THE DATA section start

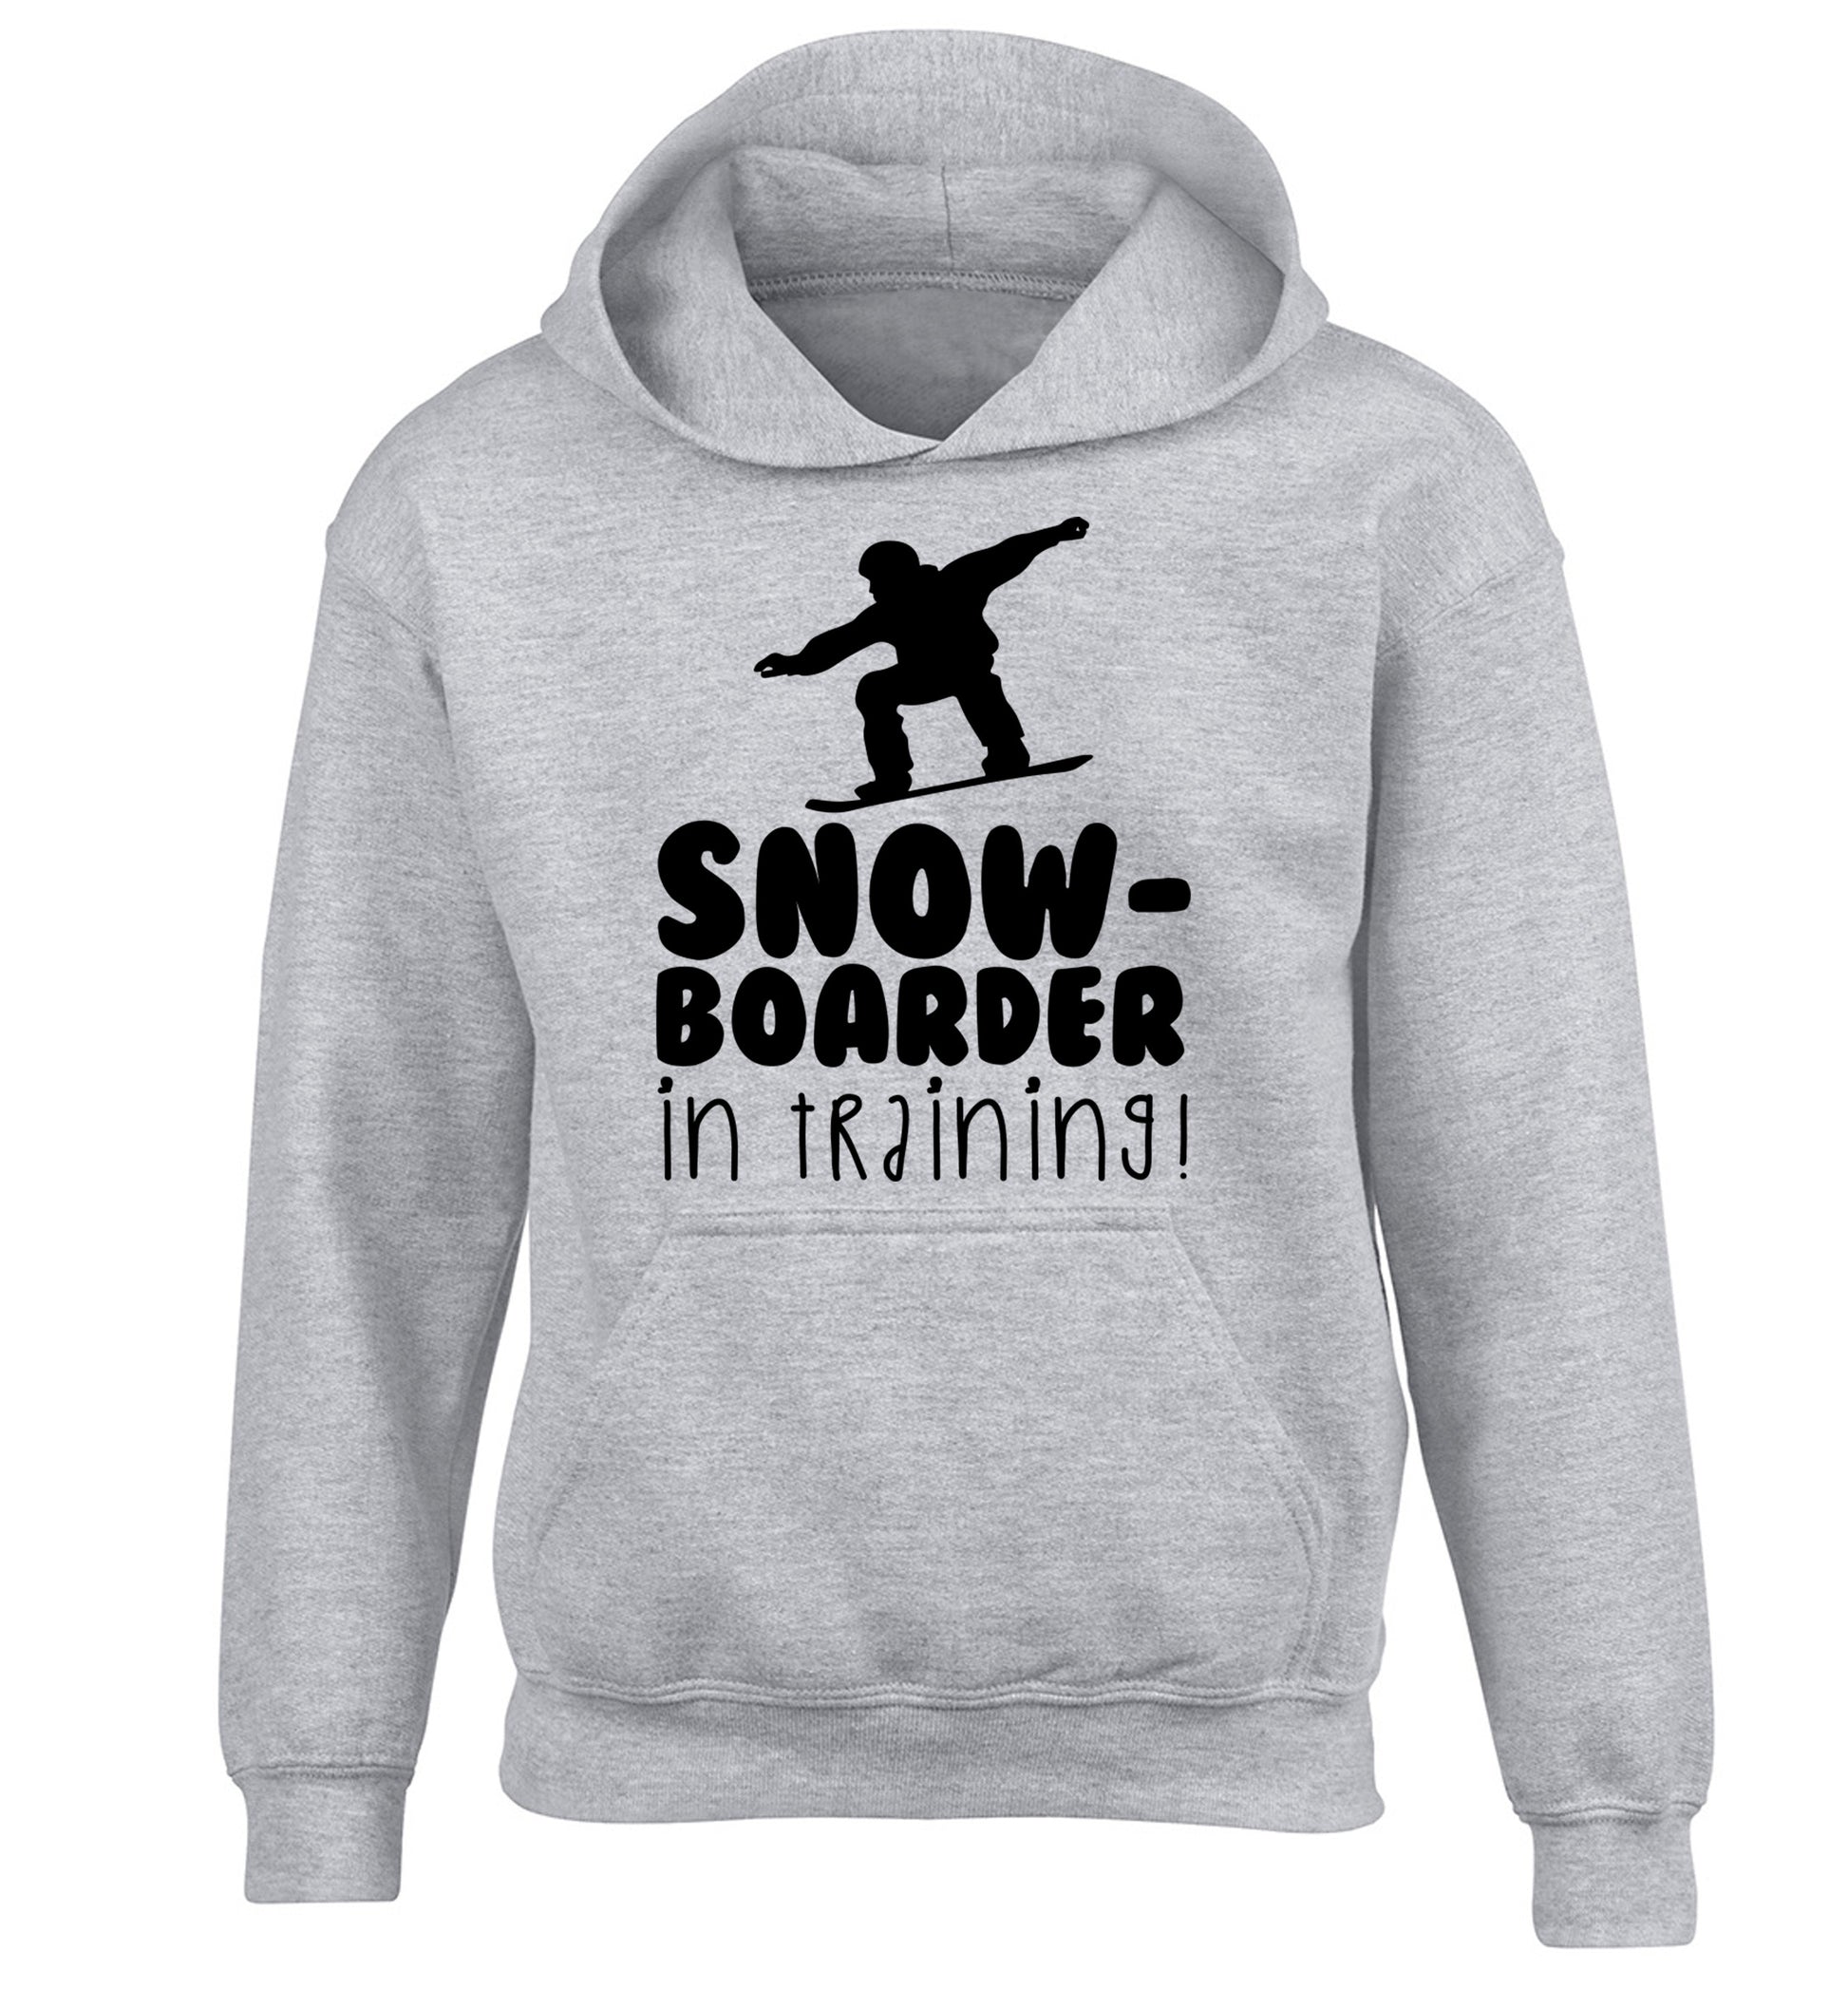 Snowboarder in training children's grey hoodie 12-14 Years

THE DATA section end
THE DATA section start

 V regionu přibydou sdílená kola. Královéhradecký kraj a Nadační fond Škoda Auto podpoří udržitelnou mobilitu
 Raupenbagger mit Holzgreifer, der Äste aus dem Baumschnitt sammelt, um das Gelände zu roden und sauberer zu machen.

THE DATA section end

In the listing above, find the line holding "V regionu přibydou" and the line holding "Raupenbagger mit Holzgreifer, der", then output those two lines and every line between them exactly.

— SOLUTION BELOW —
 V regionu přibydou sdílená kola. Královéhradecký kraj a Nadační fond Škoda Auto podpoří udržitelnou mobilitu
 Raupenbagger mit Holzgreifer, der Äste aus dem Baumschnitt sammelt, um das Gelände zu roden und sauberer zu machen.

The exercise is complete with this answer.